In this section, we will walk through how we are splitting our data into 3rd Normal Form. There is not a lot of complexity to this step, so this will be more like an annotation of the column selection.

## Read Files

In [6]:
import pandas as pd

In [7]:
dfs = {}

files = ["companies","emissions","stocks"]
for file in files:
    with open(f"data/cleaned/{file}.csv", "r") as f:
        dfs[file] = pd.read_csv(f)


## Company name-code mapping
This dataset is the only instance where we are not keeping the bulk of a single dataset together. In our companies dataset, there is a column for both the company name and the stock code. Given that both of these are able to identify a company independently, this would mean that data would be dependent on another column other than the primary key—if the key was one of the two columns. With this, we create an additional dataset that maps company names to codes, and then just keep one of the two "name" or "code" columns for the other company-related columns. As this is a direct mapping, we arbitraily choose one of the the columns as the key.

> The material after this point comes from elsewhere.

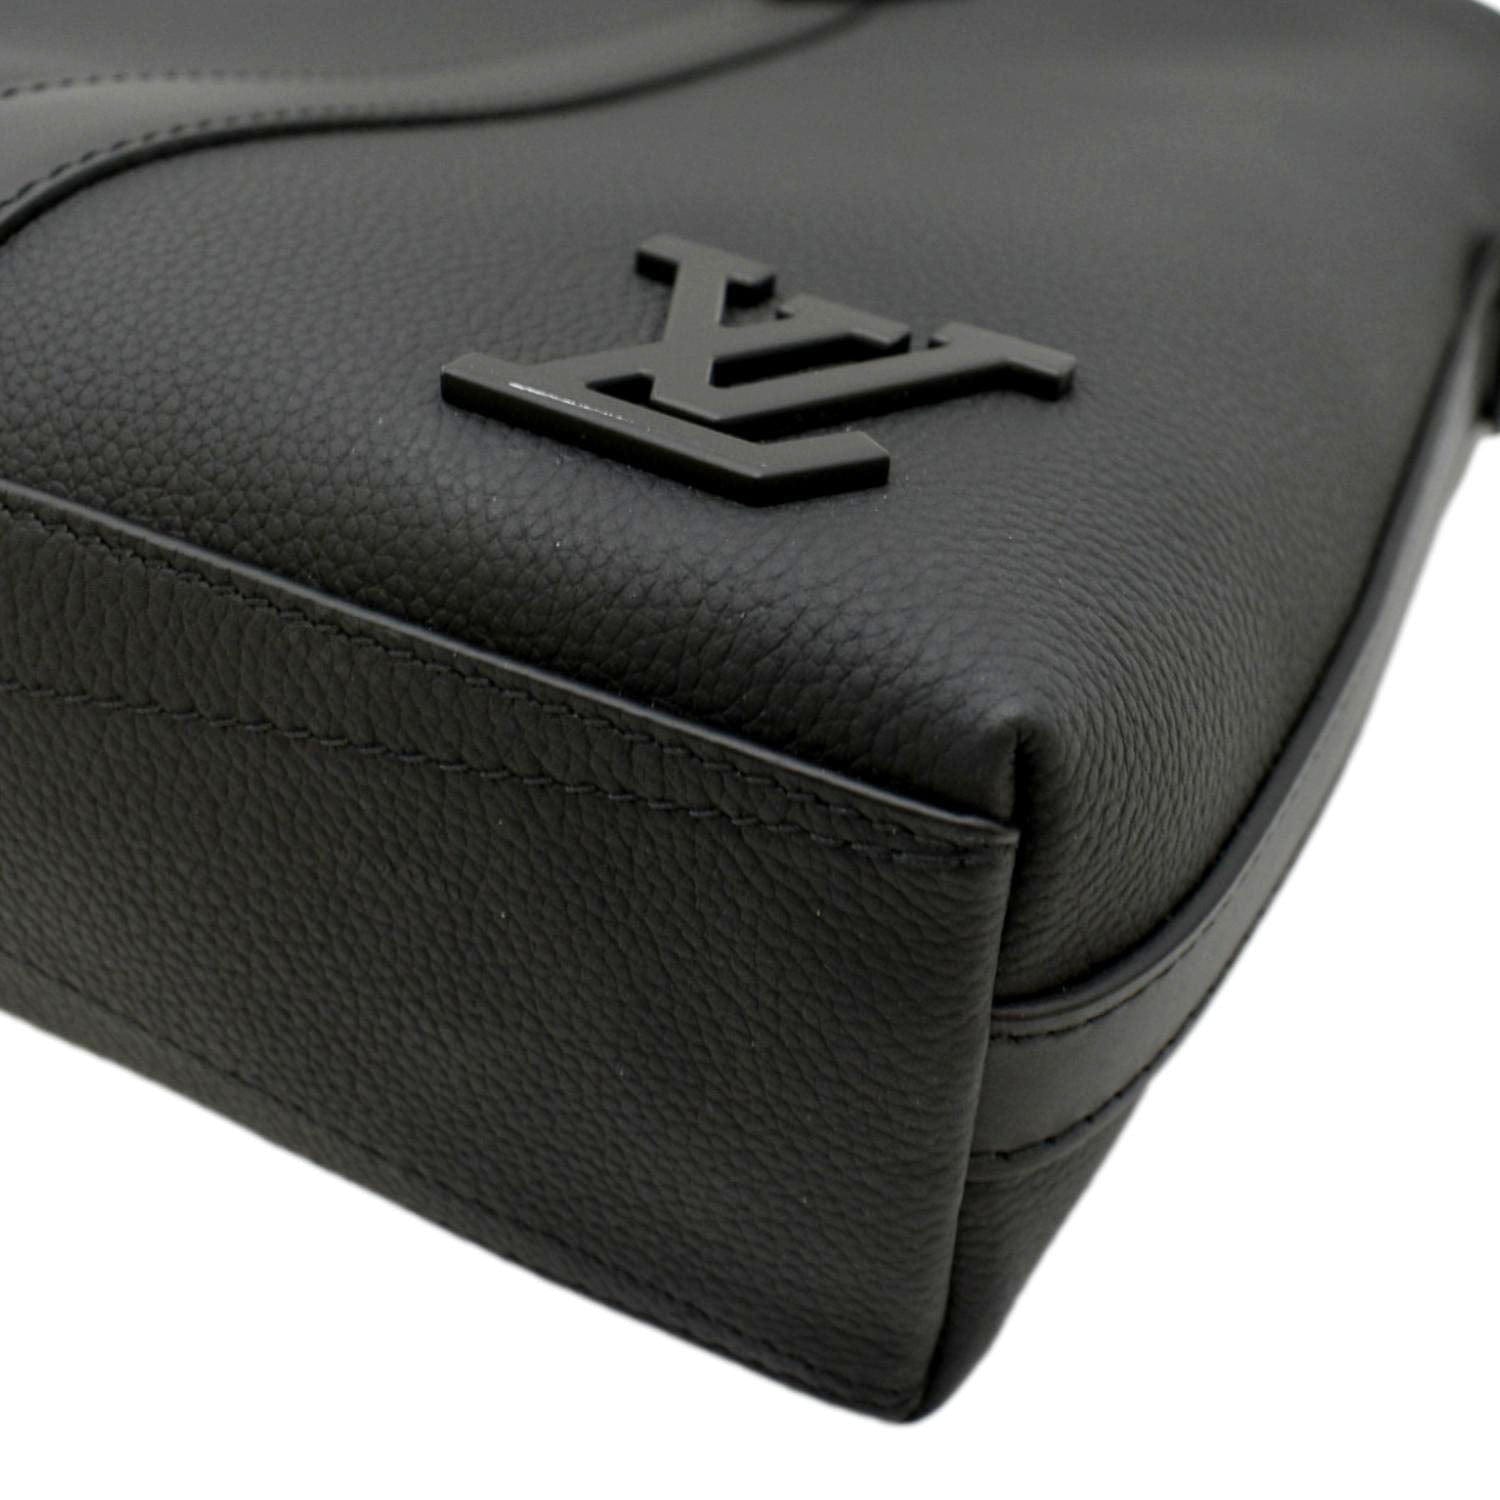 Takeoff Sling Bag - Luxury LV Aerogram Black

### Company_map, key = [name]

In [8]:
company_map = dfs["companies"][["name","code"]]
company_map.to_csv("data/3NF/name_code_map.csv", index = False)
company_map.head()

Unnamed: 0,name,code
0,apple inc.,aapl
1,microsoft corporation,msft
2,alphabet (google),goog
3,amazon,amzn
4,nvidia corporation,nvda


## Company dataset

With the map file created above, we can then drop either "name" or "column" from our company data. Given that this dataset contains company information, rather than stock information, we opted keep the "name" column. All of the other data is about each specific company, so we can select "name" to be our key.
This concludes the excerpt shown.